___ RAW DATA

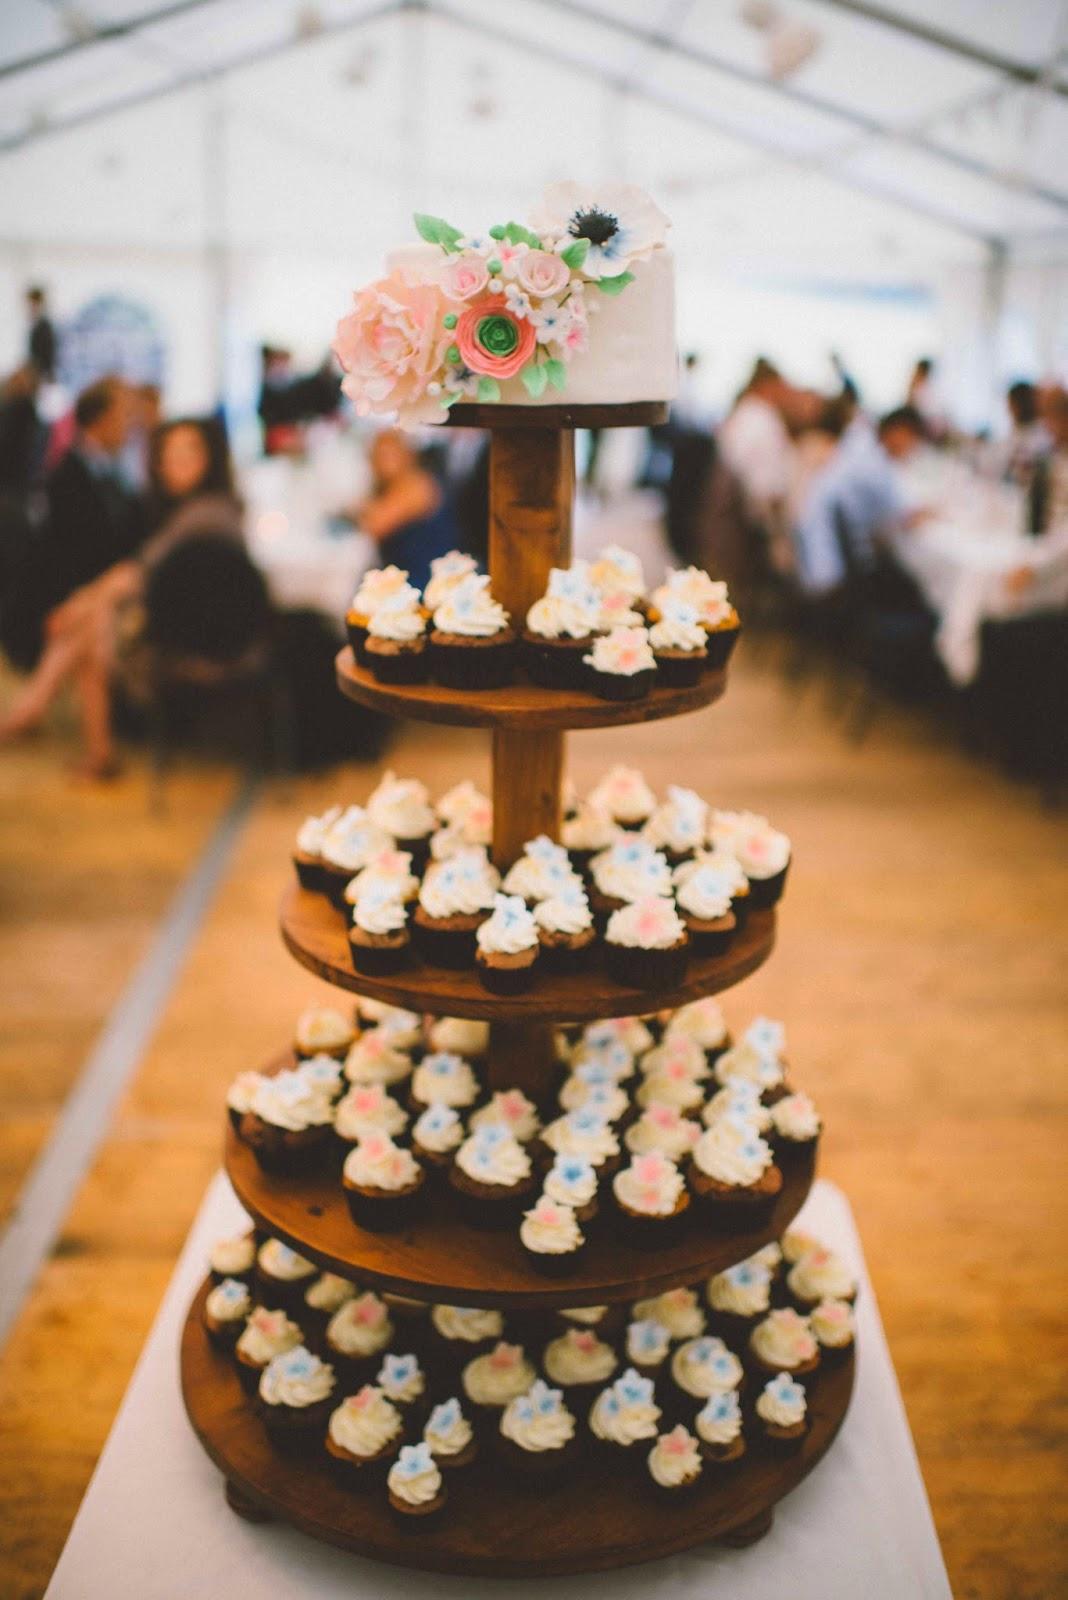 Wedding Cake Wedding Tower Cupcakes Cake Sugar Flowers Baking Carrot Cake Chocolate Cupcakes Swiss Meringue Buttercream Cream Cheese Frosting Wedding Season
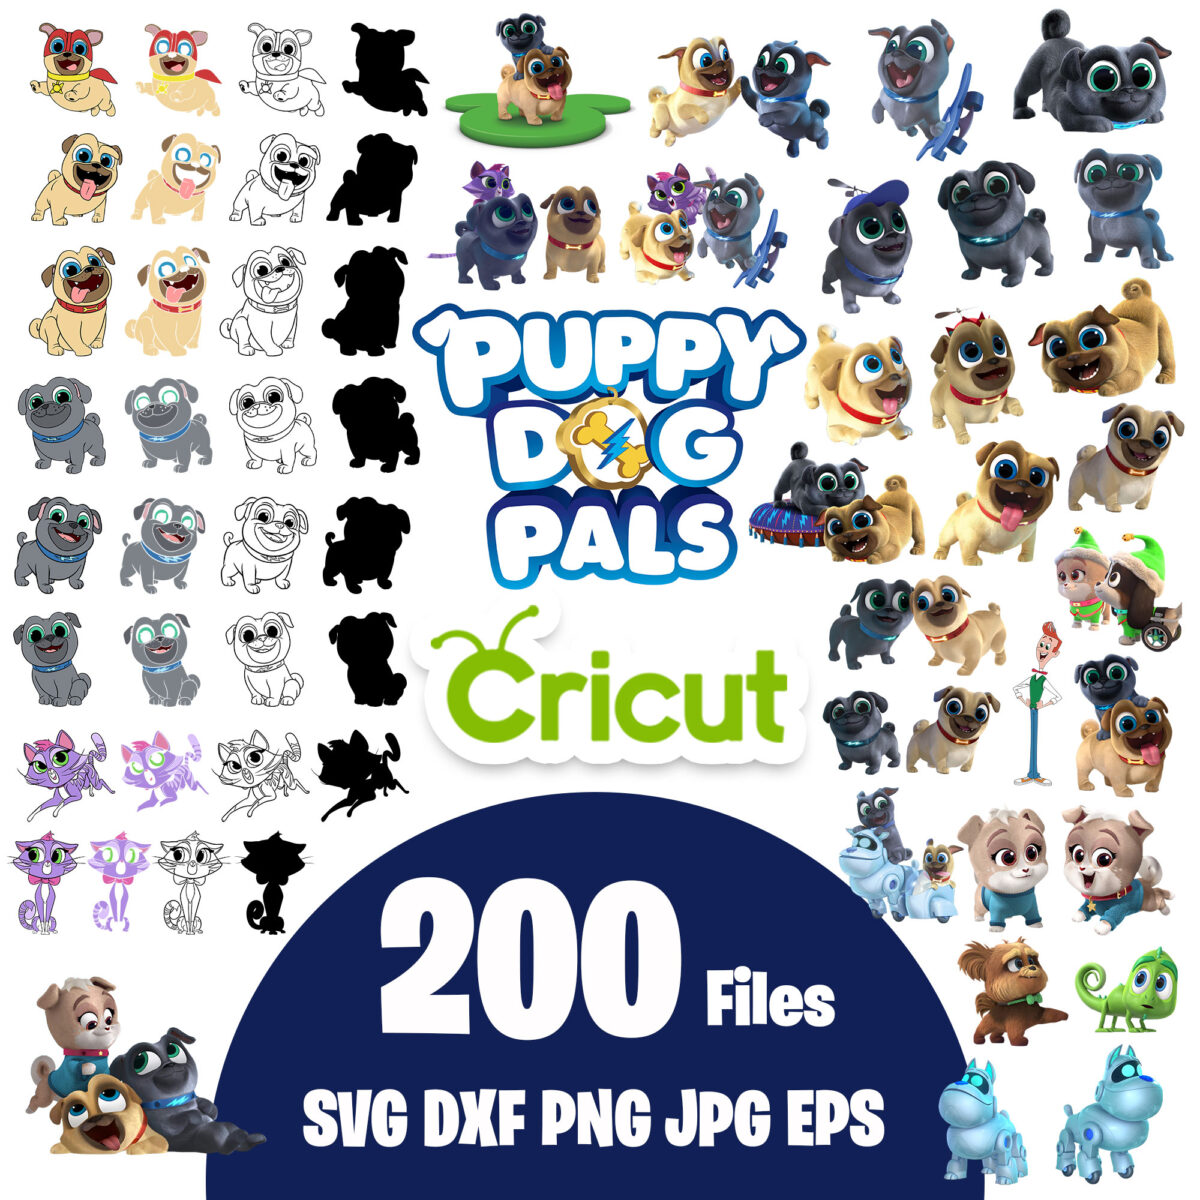 Puppy dog pals clipart
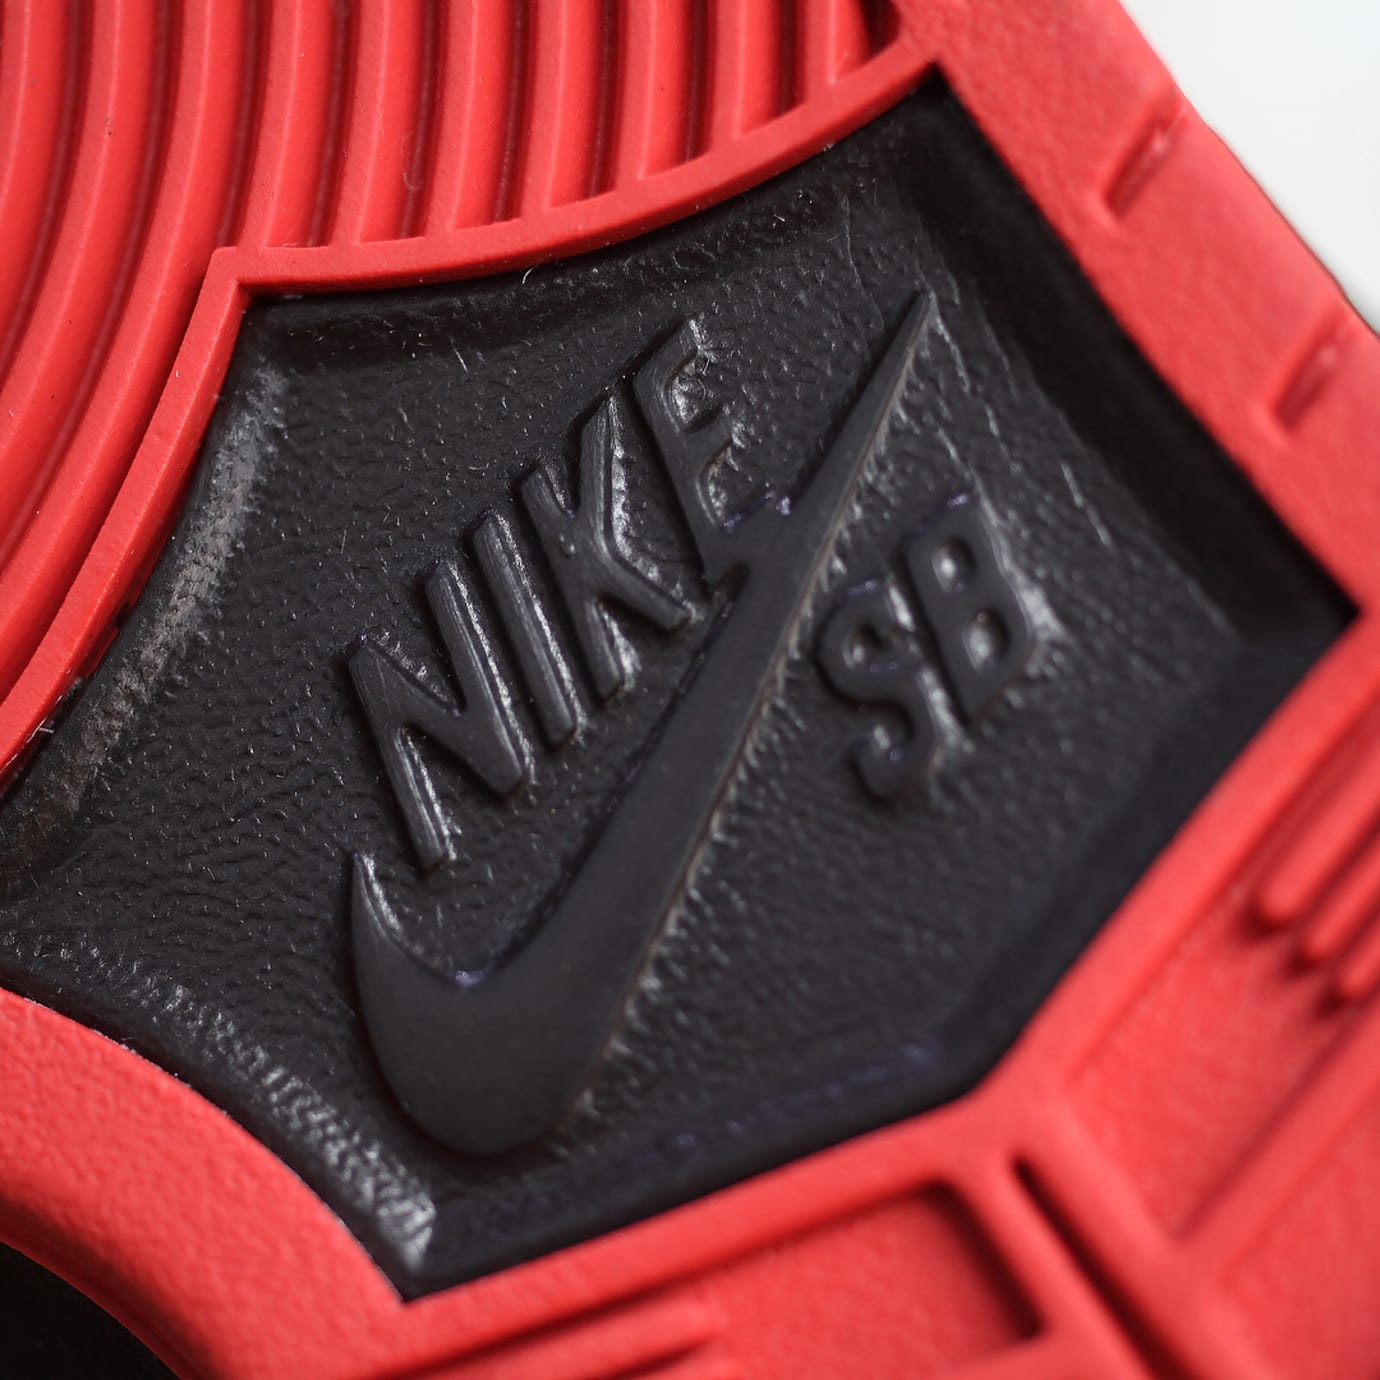 Nike SB Dunk Low Black Pigeon Release Date 88323-008 (14)

______

● **TASK DETAILS**
Line by line, write out the material above exactly, with no images.

● **ANSWER TO THIS TASK**
 Wedding Cake Wedding Tower Cupcakes Cake Sugar Flowers Baking Carrot Cake Chocolate Cupcakes Swiss Meringue Buttercream Cream Cheese Frosting Wedding Season
 Puppy dog pals clipart
 Nike SB Dunk Low Black Pigeon Release Date 88323-008 (14)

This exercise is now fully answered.